Menegazzia bjerkeana

Scientific classification
- Domain: Eukaryota
- Kingdom: Fungi
- Division: Ascomycota
- Class: Lecanoromycetes
- Order: Lecanorales
- Family: Parmeliaceae
- Genus: Menegazzia
- Species: M. bjerkeana
- Binomial name: Menegazzia bjerkeana Kantvilas (2012)

= Menegazzia bjerkeana =

- Authority: Kantvilas (2012)

Species of lichen

Menegazzia bjerkeana is a rare species of foliose lichen in the family Parmeliaceae. It occurs in rainforests along the New South Wales-Queensland border, where it grows on the bark of southern beech trees.

==Taxonomy==

Menegazzia bjerkeana was described as a new species by Gintaras Kantvilas in 2012. The type specimen was collected along Wiangaree Forest Drive in Tweed Range (New South Wales). Here the lichen was growing on the bark of Nothofagus moorei. The specific epithet honours Norwegian lichenologist Jarle Bjerke.

==Description==
Menegazzia bjerkeana has a tightly attached thallus that is fragile and brittle. It forms rosettes measuring up to 10 cm in diameter, comprising densely overlapping lobes.

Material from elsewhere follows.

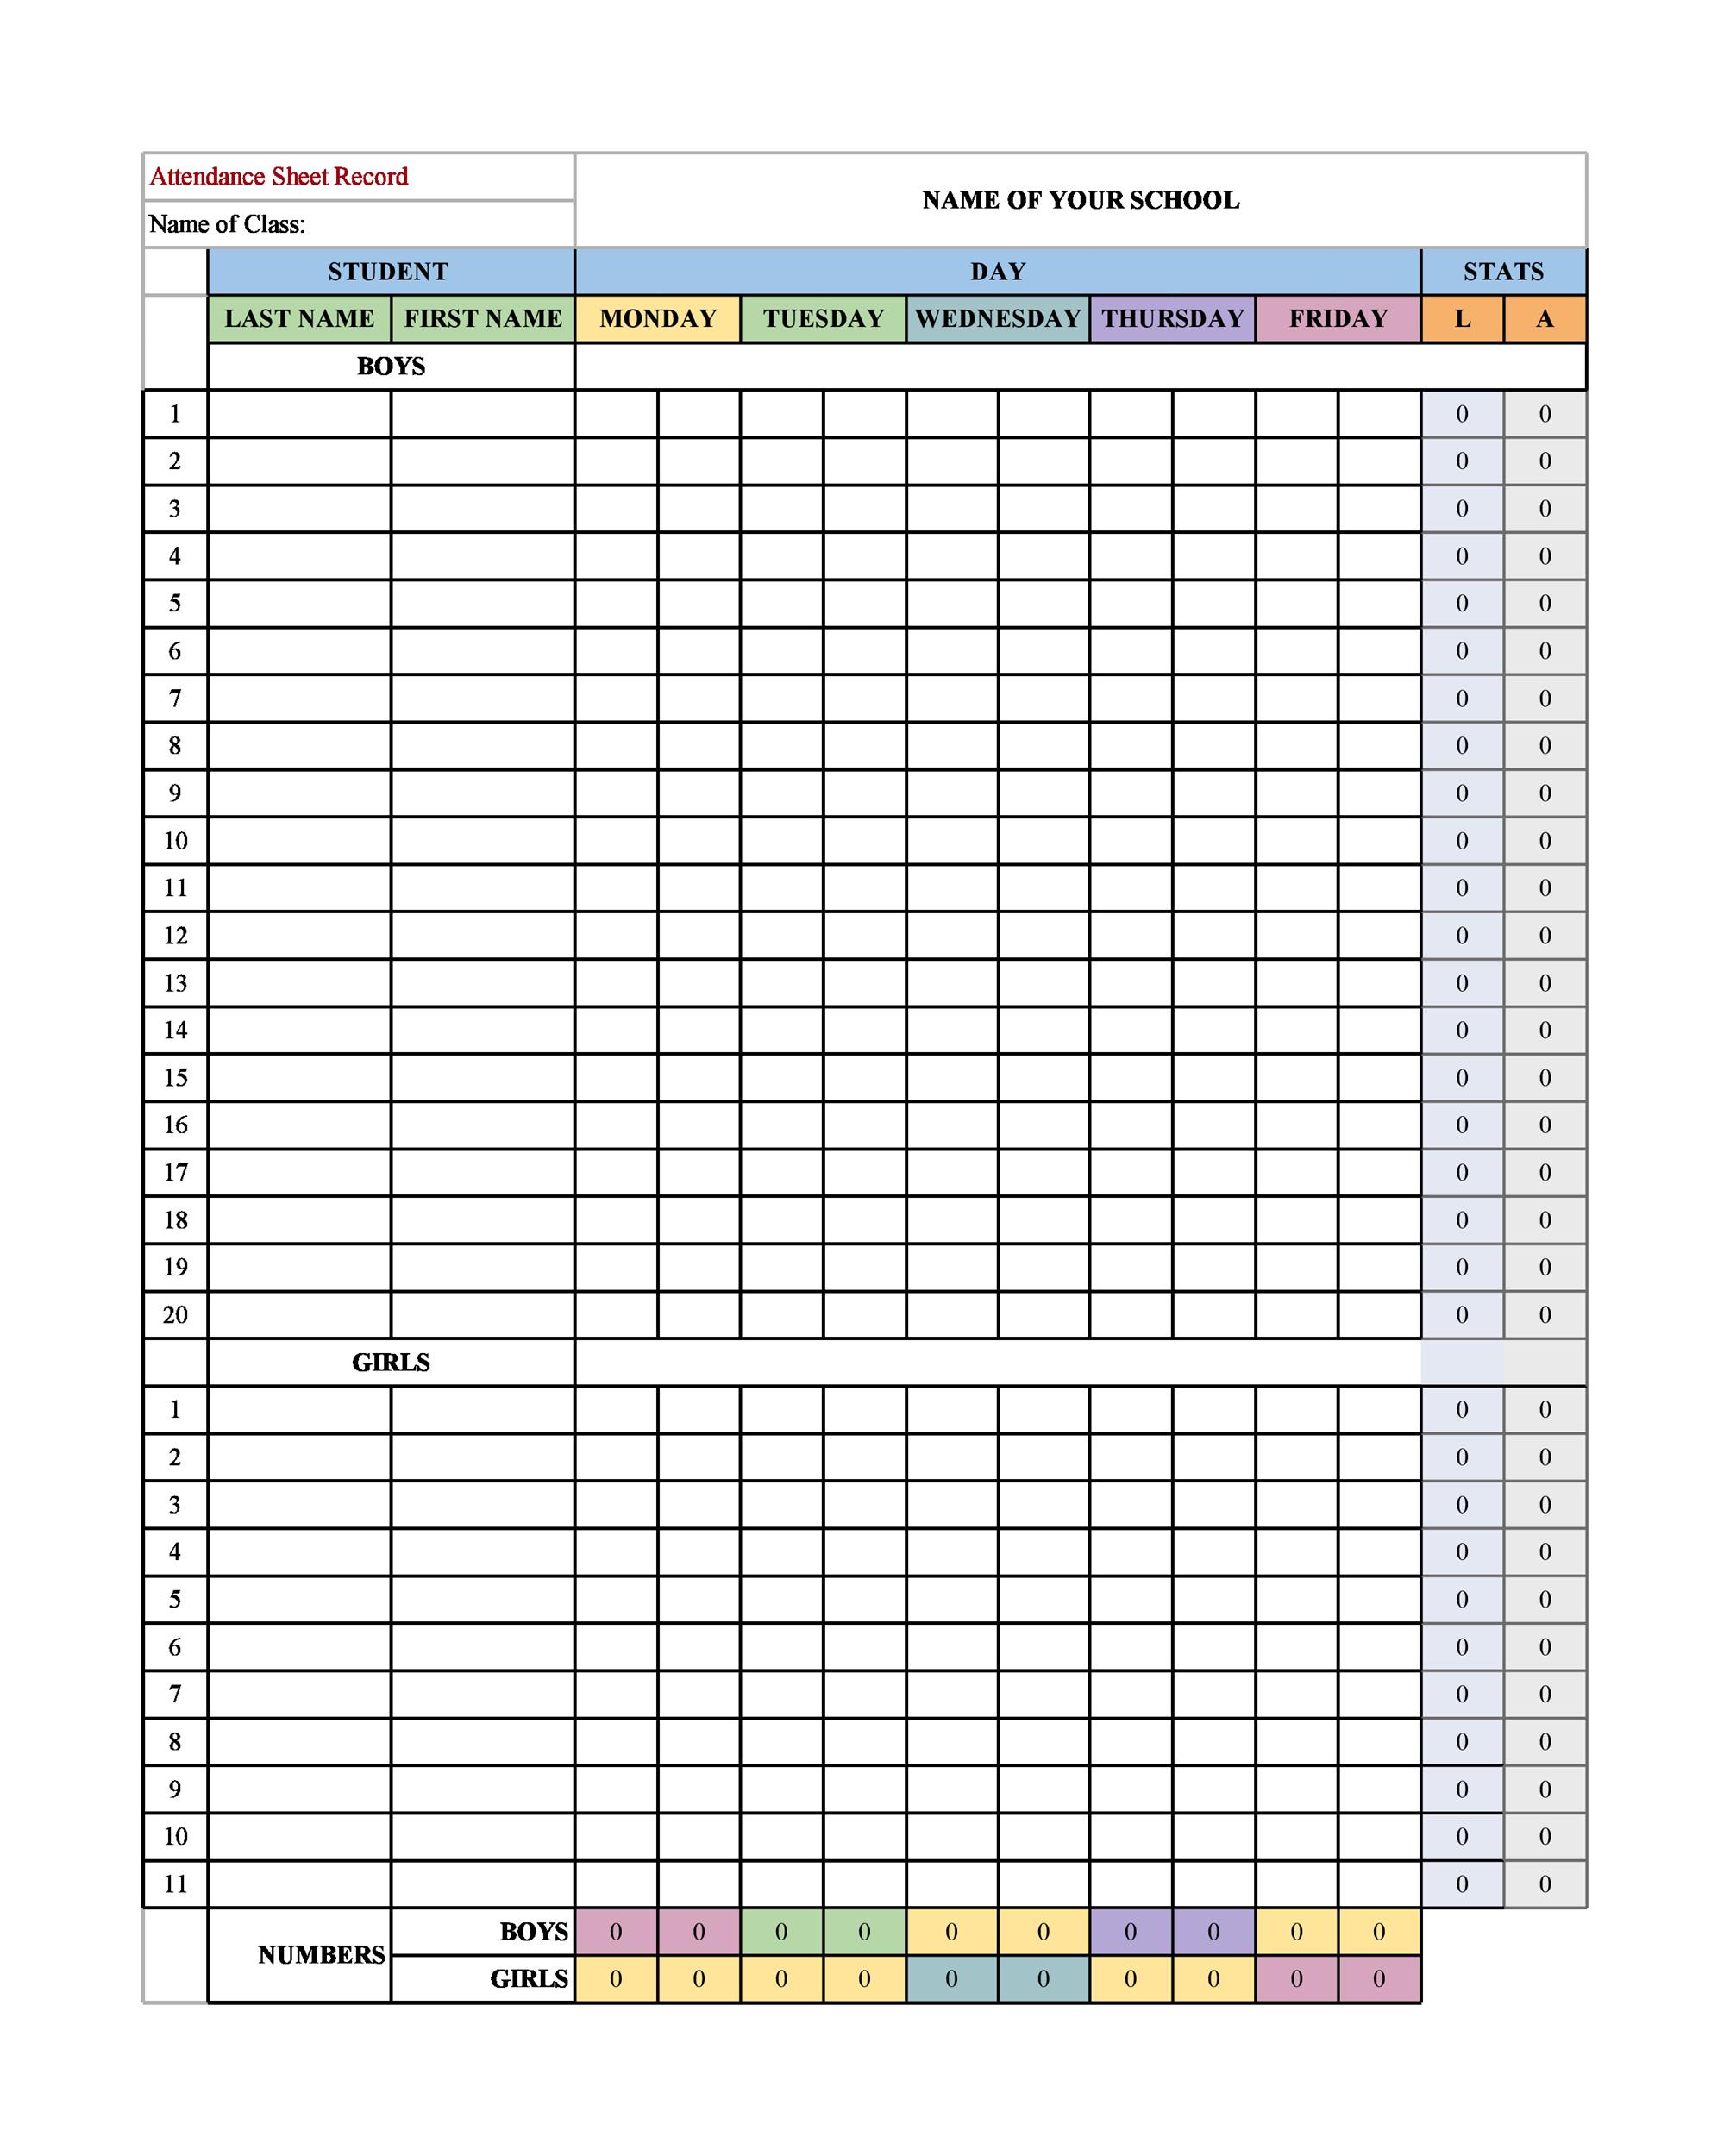 microsoft excel student attendance template

The pale olive-green to greyish green upper thallus surface is perforated–as is typical of genus Menegazzia. The perforations are abundant, scattered throughout the surface, roundish to oval in shape, and typically measure 0.1–0.5 mm wide. Numerous knob-like isidia cover the thallus surface; they are particularly dense near the centre. Neither apothecia nor pycnidia have been recorded on this species. Secondary chemicals found in the lichen are atranorin, stictic acid, and constictic acid. There are also trace amounts of menegazziaic acid, cryptostictic acid, peristictic acid, and 3-O-methylconsalazinic acid.

==Habitat and distribution==
Menegazzia bjerkeana is only known to occur at the type locality. This area includes coastal range rainforests along the New South Wales-Queensland border, where Nothofagus predominates. Three other Menegazzia species are confined to this location: M. conica, M. enteroxantha, and M. grandis.